◆ DATA PROVIDED
- - -

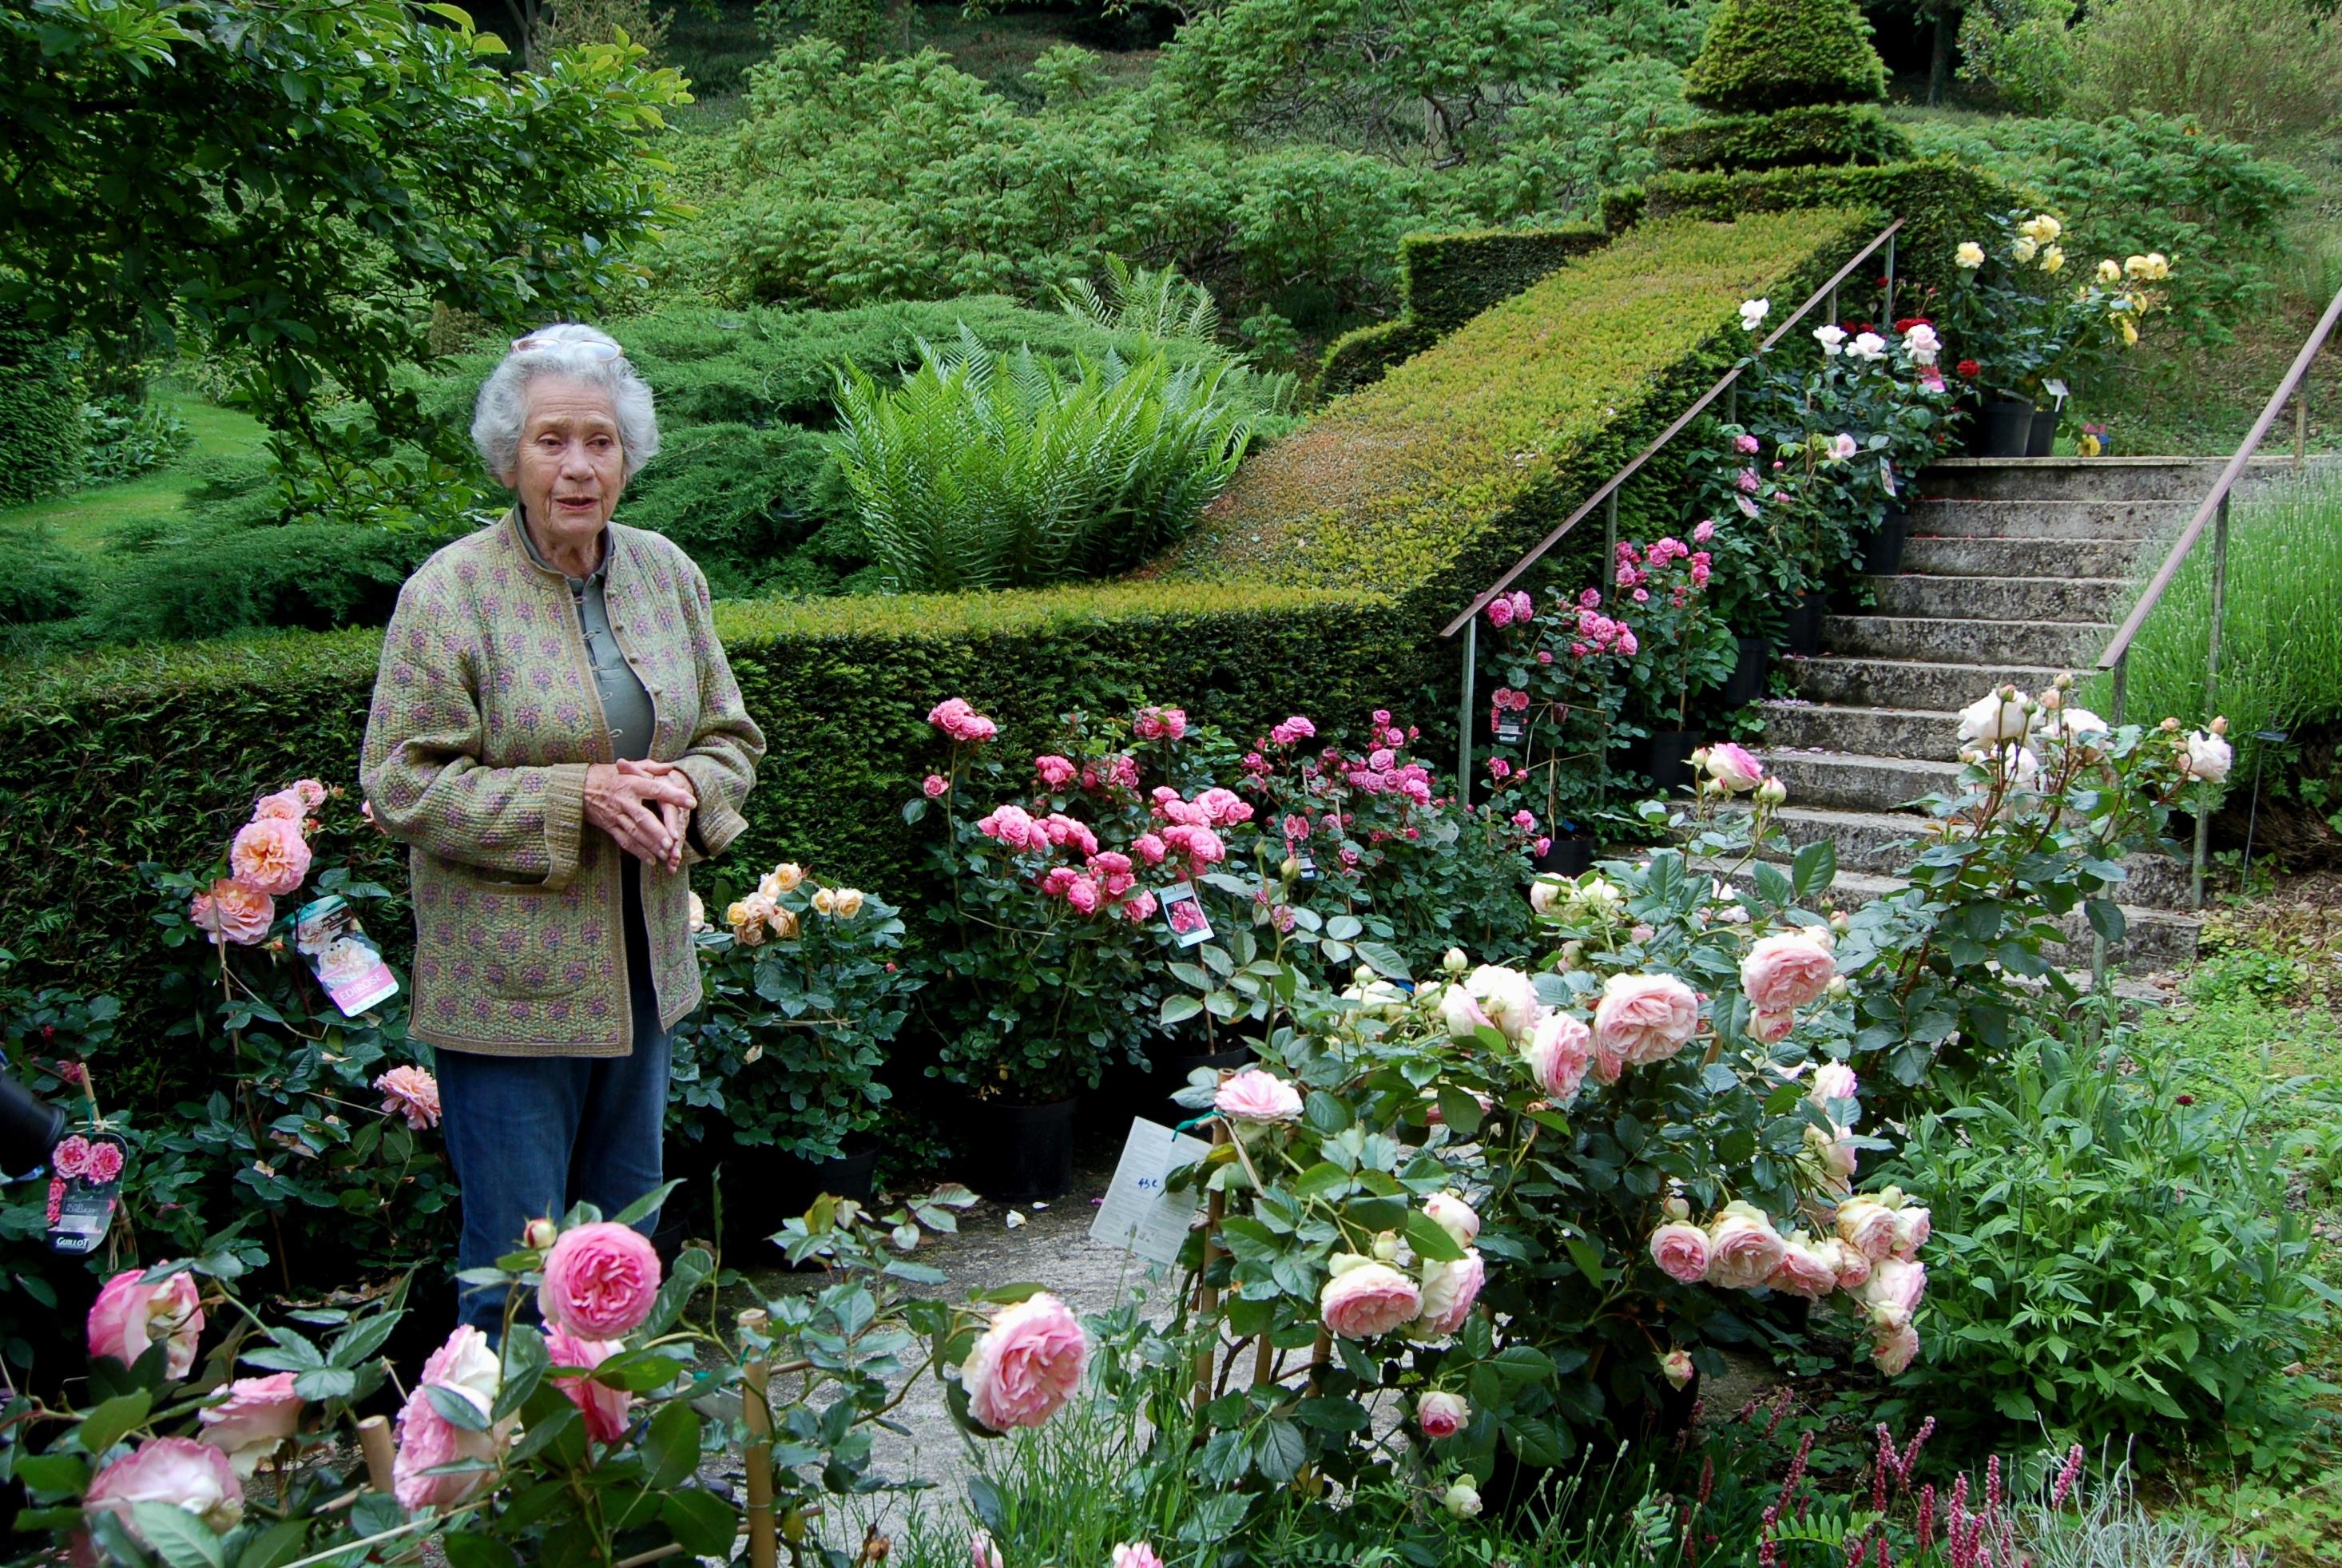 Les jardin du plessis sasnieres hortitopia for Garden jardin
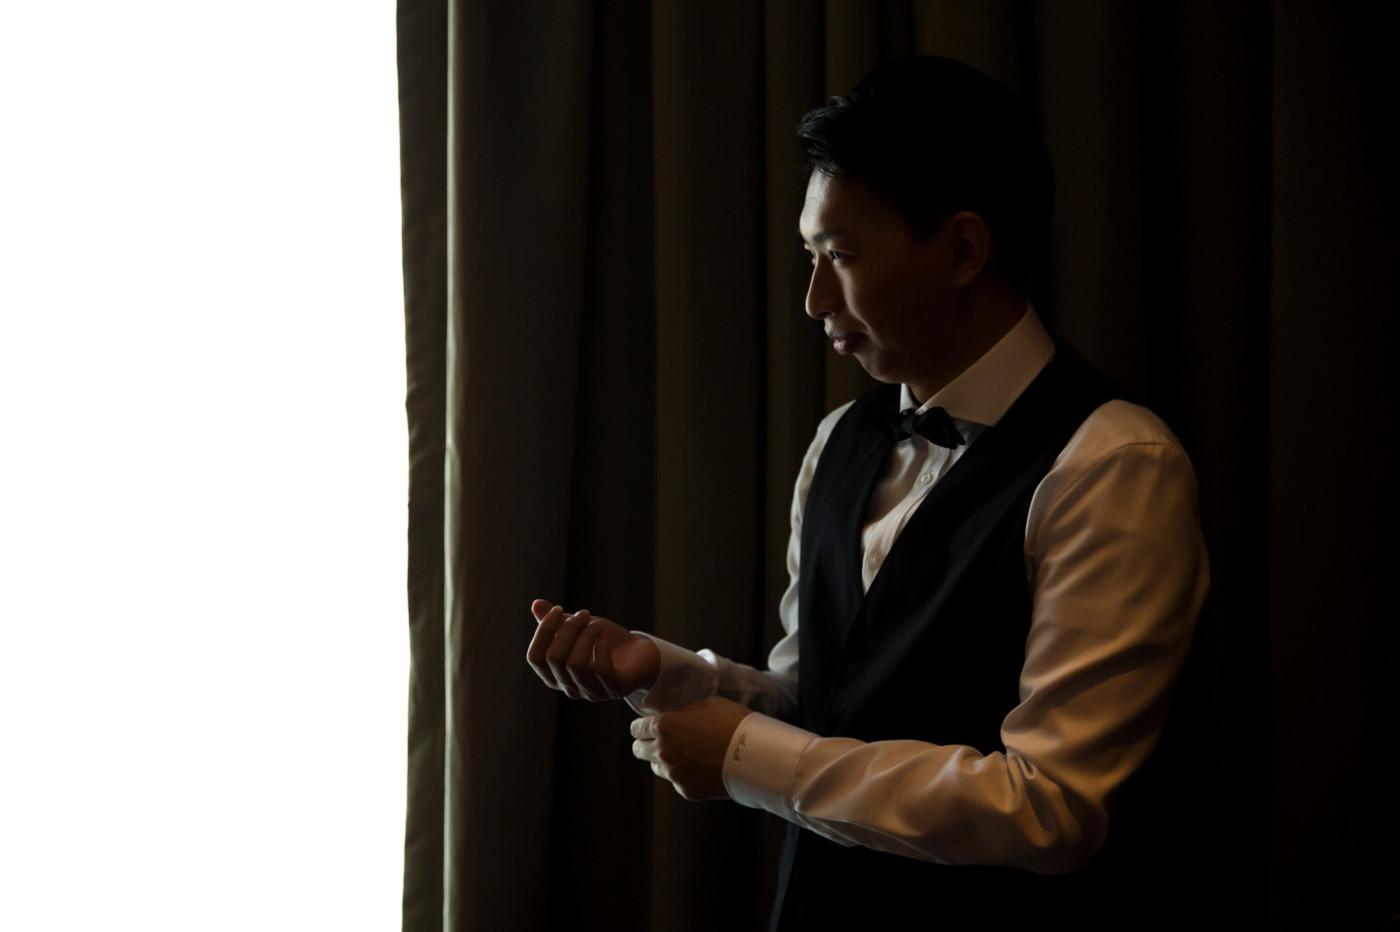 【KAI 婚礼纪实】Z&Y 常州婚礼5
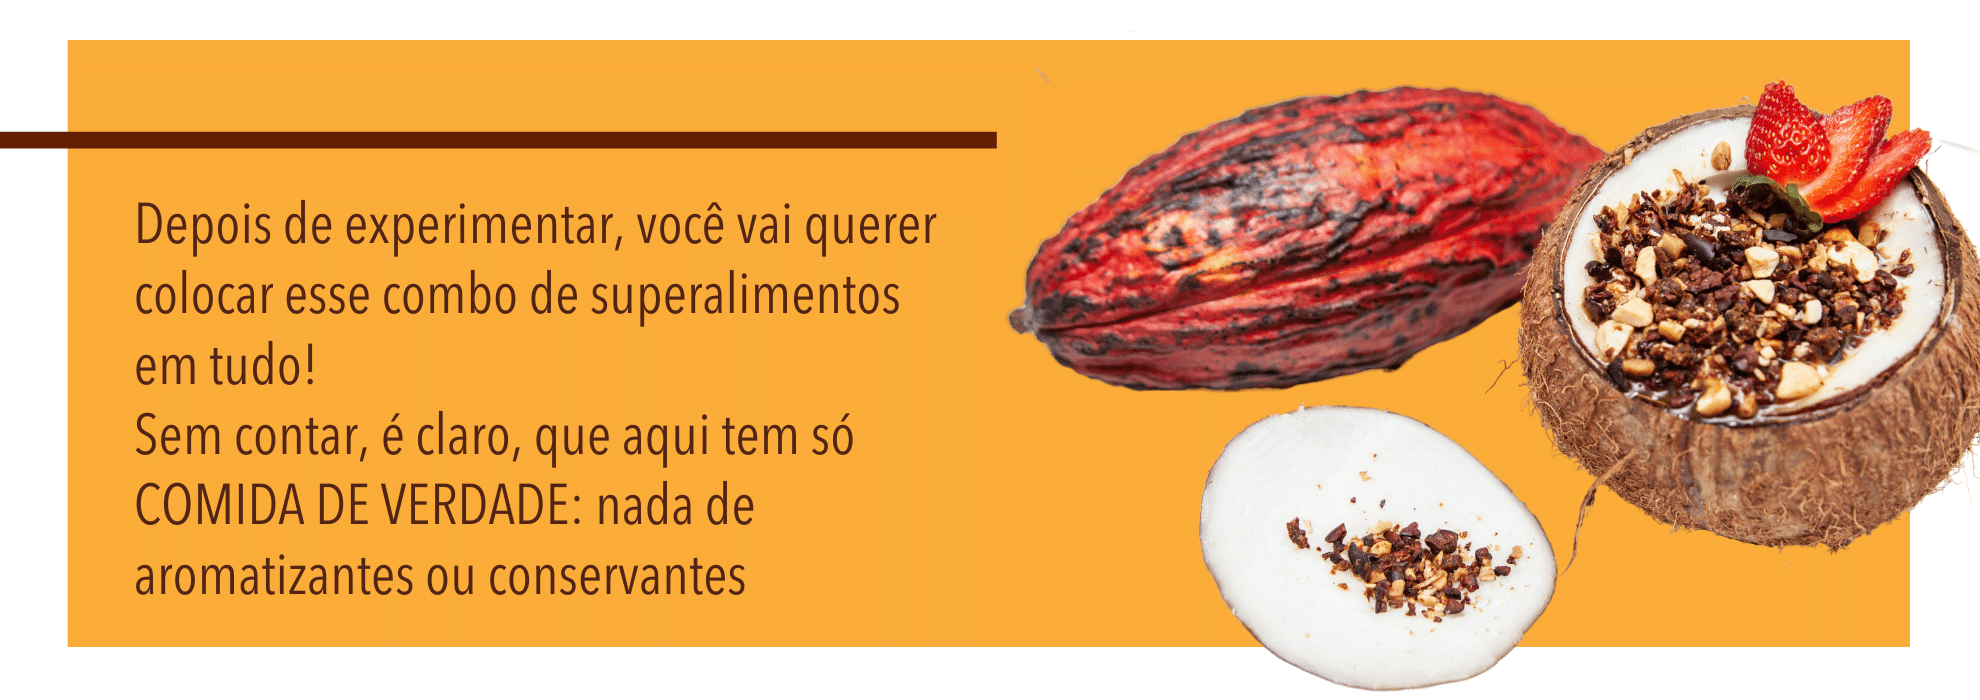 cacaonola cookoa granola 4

- - -

◆ YOUR INSTRUCTIONS
Copy every line above exactly, leaving no picture in the copy.

◆ OUTPUT FOR THIS EXERCISE
 Les jardin du plessis sasnieres hortitopia for Garden jardin
 【KAI 婚礼纪实】Z&Y 常州婚礼5
 cacaonola cookoa granola 4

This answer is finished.